Sunday, December 27, 2009

Come and Gone

Christmas has come and gone. The holiday was fairly nice, but bittersweet. Dad had a relapse in his pneumonia and spend the week in the hospital getting fluid from a burst abcess drained from his lung. So our holiday dinner will most likely be when he comes home. He comes home tomorrow thankfully. He is doing better now and axious to come home. I cant say I blame him. I hate feeling trapped.
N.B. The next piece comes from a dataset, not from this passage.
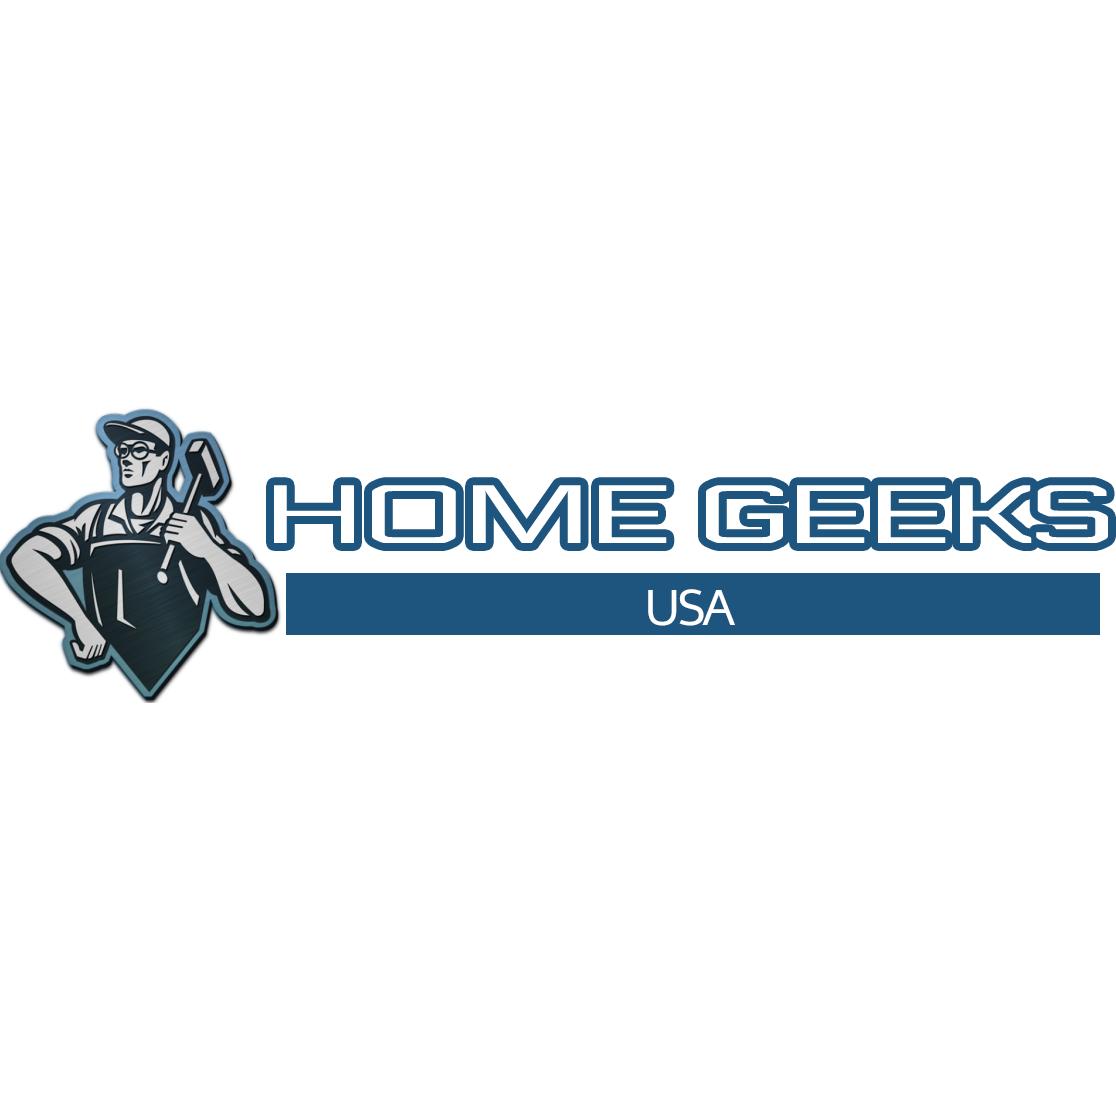 Home Geeks USA

My nephews had a great Christmas, minus the fact that their Pap wasnt home to share it with them. I dont know why Ive lost my interest in Christmas. Its lost all the meaning it should have with family. I wonder if there is any way to get that back. I feel kind of selfish for wanting to be alone. Not to dwell or to feel sorry for myself. But to give myself the chance to miss Rob and know he wants me to be happy. Hard to believe in a week it will mark 6 years of his passing already. It doesn't seem that long.
Now that its time to move on, Holidays have past and its time to move forward into the new year. Im not making any resolutions, I don't believe in them. The only thing I want to do is continue on focusing on my writing and look out for my best interest. I havent been putting myself first very much and I find that me and my writing has been suffering for it. Ive been making a lot of plans. Time to make a change.